Спиноза доверительно сообщил Ольденбургу, что он обдумывает «особый трактатец», в котором центральное место займет вопрос о тождестве бога и природы, о том, каким образом вещи начали существовать и в какого рода зависимости они находятся от первопричины.

— Но, — говорил философ, — я откладываю этот труд в сторону, так как еще не имею определенного решения касательно его издания. Я боюсь, как бы нынешние теологи не почувствовали себя оскорбленными и не набросились бы на меня с обычною для них ненавистью, — на меня, которого так страшат всякого рода ссоры.

— Я решительно посоветовал бы вам не скрывать от ученых тех результатов, которых вы достигли в философии благодаря проницательности вашего ума и вашей учености. Опубликуйте их, — настоятельно рекомендовал Ольденбург, — какой бы визг ни подняли посредственные теологи.
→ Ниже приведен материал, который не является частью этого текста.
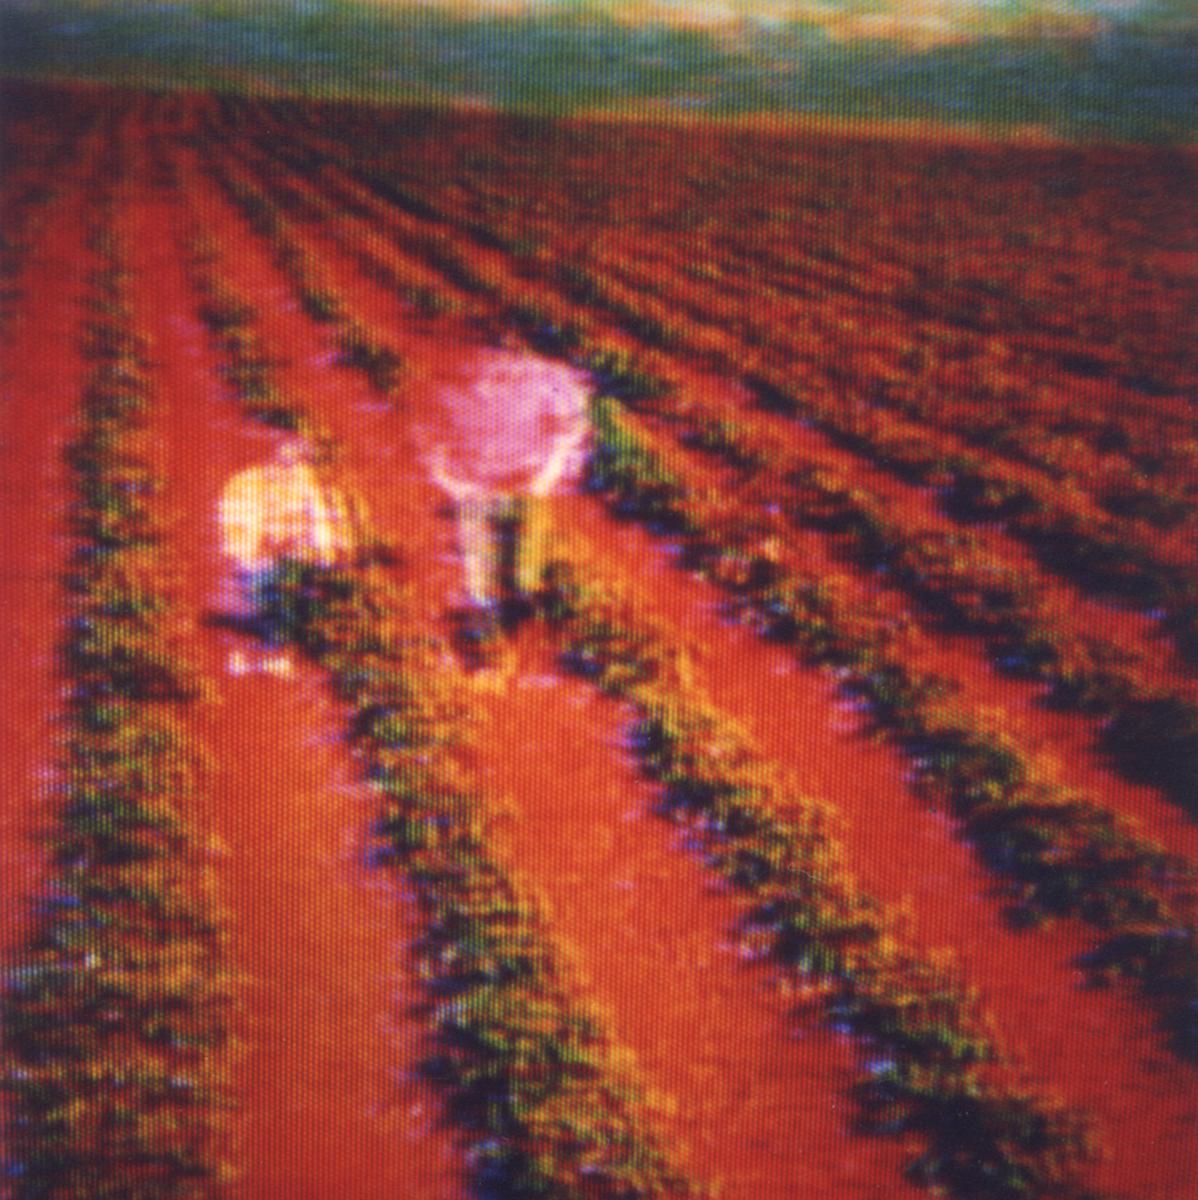 Television-TV-Polaroid-SX70-Surreal-Farm.jpg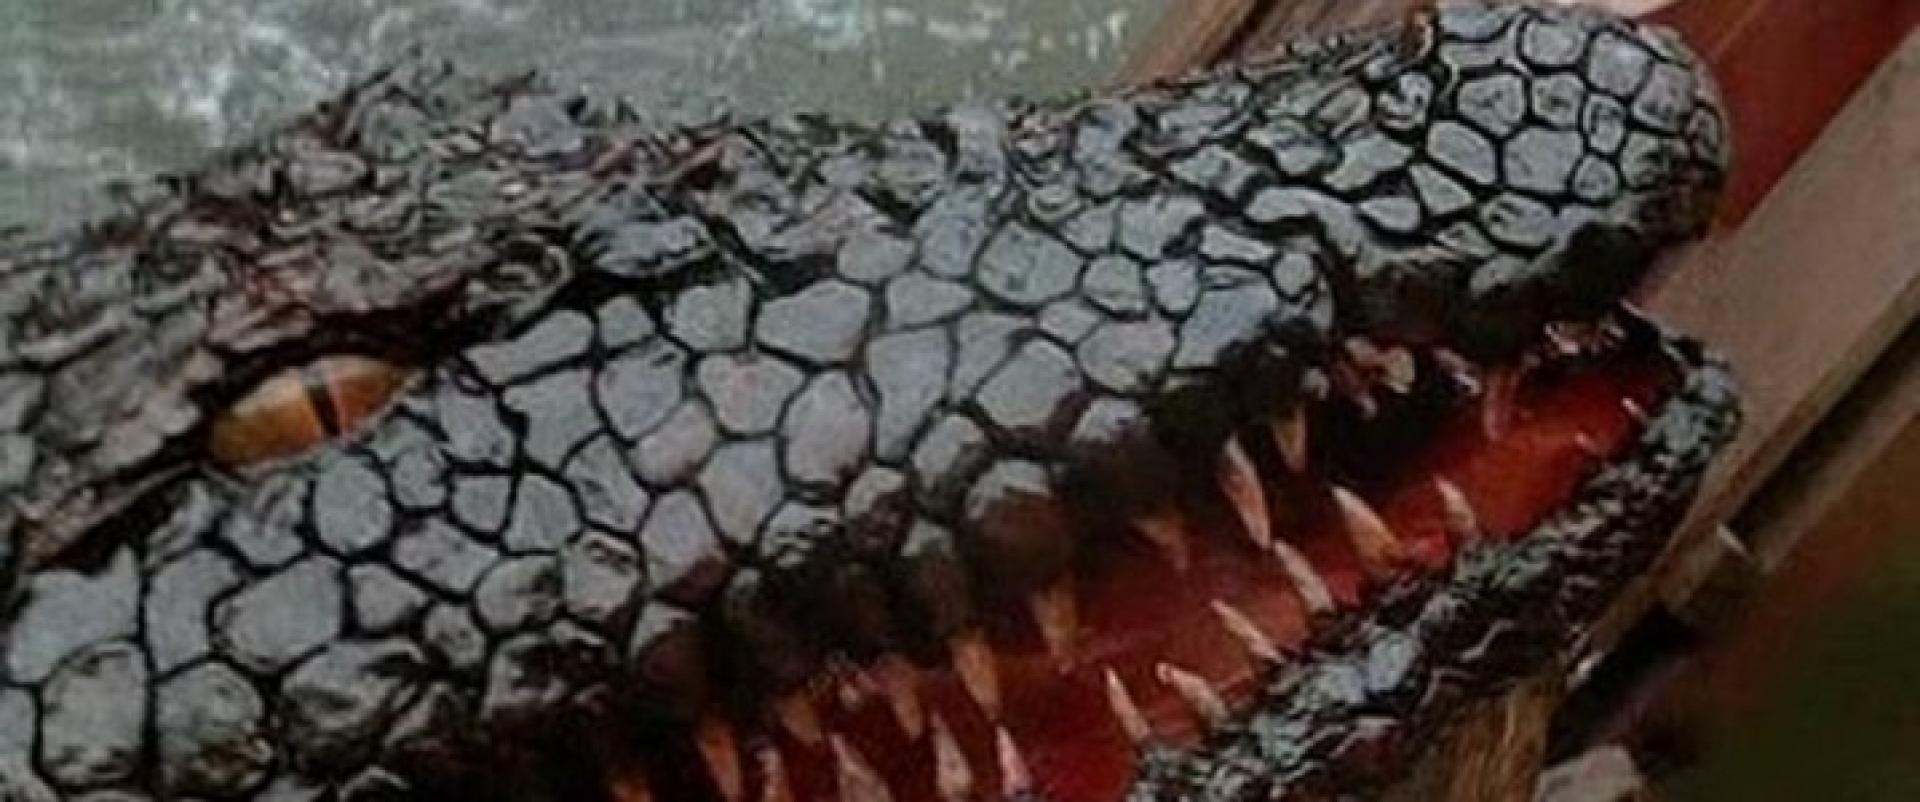 Killer Crocodile 2 - Gyilkos krokodil 2 (1990)

— Вы говорите, «посредственные теологи». Да разве только они? Любые теологи «поднимут визг», пользуясь вашим выражением, — сказал Спиноза, — и те, которые постулируют бога, помещая его в заоблачный мир, и смотрят на него как на вершителя судеб природы и человека.

— Ваша мудрость, — подчеркнул Ольденбург, — позволит вам изложить ваши мысли и взгляды с возможной умеренностью. Все прочее предоставьте судьбе. Достойнейший муж, отбросьте всякий страх и опасение раздражить разных ничтожных людишек нашего времени. Уже достаточно угождали невежеству и ничтожеству. Распустим паруса истинной науки и проникнем в святилище природы глубже, чем это делалось до сих пор.

На основании бесед Спинозы с Ольденбургом и первых писем к нему мы можем заключить, что начальный период становления философии Спинозы был завершен. К этому времени он критически переоценил приобретенные в школе Эндена и в кругу коллегиантов знания, выработал основные принципы нового мировоззрения и был полностью подготовлен к самостоятельному проникновению «в святилище природы», освобожденной от мистики и сверхчувственных сил.

Суверенитет разума

Первый труд Спинозы, связанный с Рейнсбургом, — это «Трактат об усовершенствовании разума». В нем все ясно, как луч солнца. Трактат содержит кое-какие автобиографические данные, по которым можно прочесть всю партитуру пройденного пути философа. Развивая мысль «Краткого трактата» о суетности богатства и любострастия, Спиноза в новом произведении ссылается на опыт, на практику капиталистического города. Наблюдения жизни Амстердама вызывали в нем отвращение как к ничтожеству и спеси аристократов, так и к стяжательству и корыстолюбию купцов. Буржуазный быт Голландии, заменивший устои средневековья, породил основы, извращающие человеческую природу и превращающие жизнь в постоянное страдание.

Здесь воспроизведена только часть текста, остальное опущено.